> **DATA SEGMENT**
++++

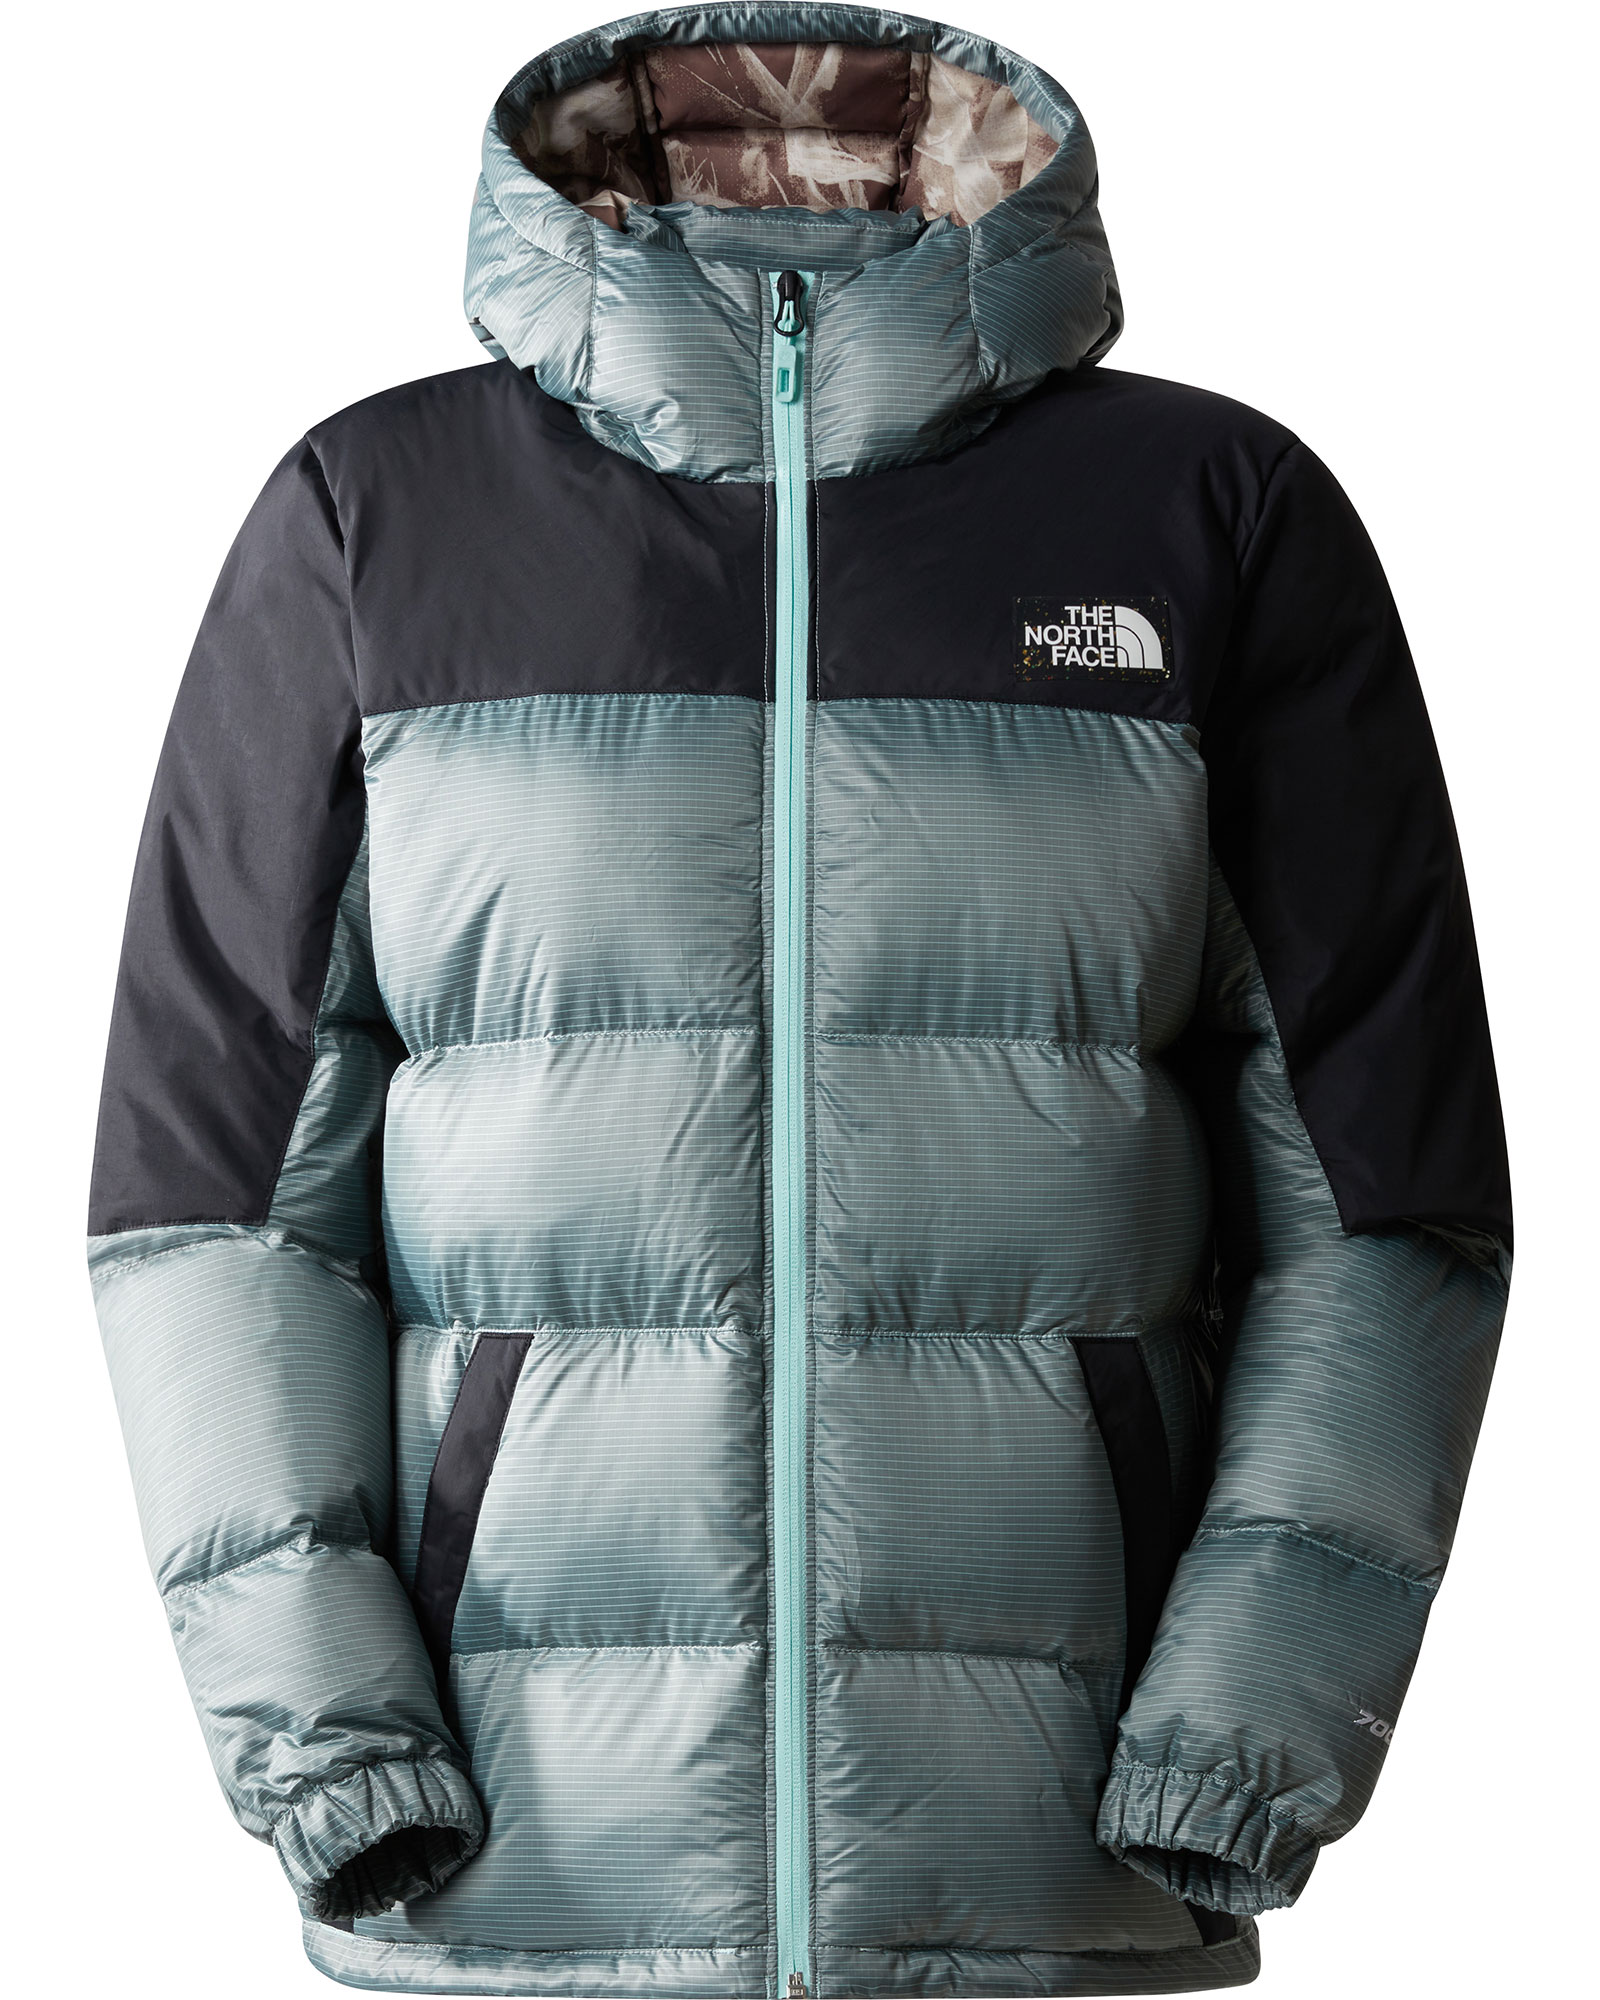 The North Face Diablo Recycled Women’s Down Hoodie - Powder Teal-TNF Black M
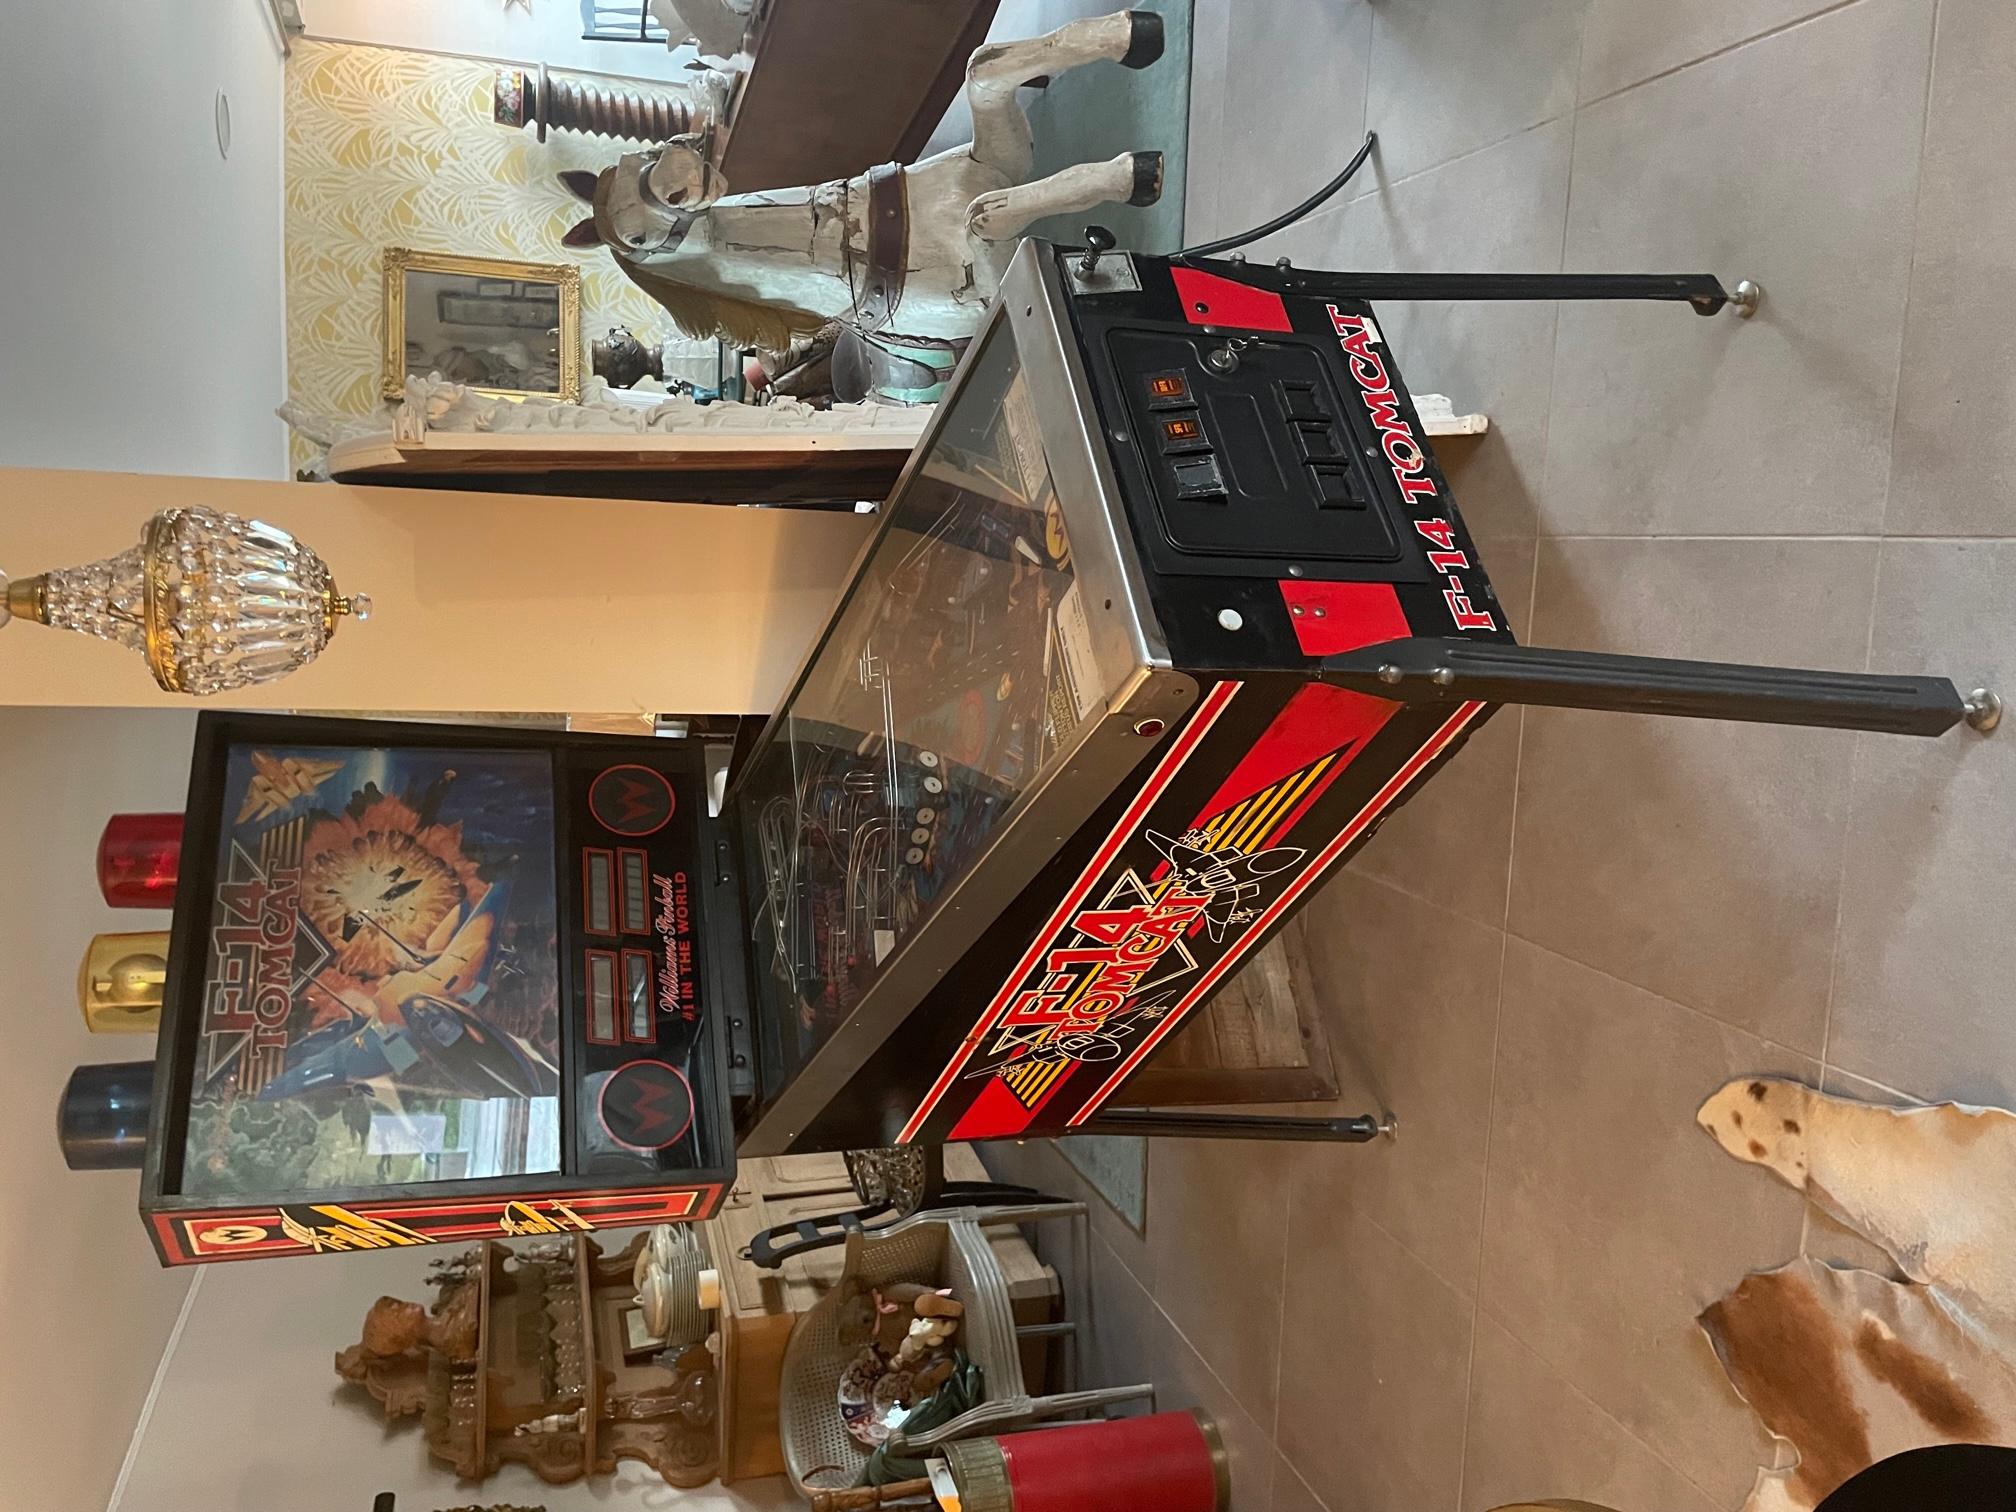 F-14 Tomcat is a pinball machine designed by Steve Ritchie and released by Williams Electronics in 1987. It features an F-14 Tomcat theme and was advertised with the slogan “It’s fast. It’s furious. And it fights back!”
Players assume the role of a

++++

> **ABOUT THIS TASK**
Copy exactly what appears from the line holding "F-14 Tomcat is" to the end of the material, keeping both end lines. Pictures are not part of the copy.

> **ANSWER SPACE**
 F-14 Tomcat is a pinball machine designed by Steve Ritchie and released by Williams Electronics in 1987. It features an F-14 Tomcat theme and was advertised with the slogan “It’s fast. It’s furious. And it fights back!”
Players assume the role of a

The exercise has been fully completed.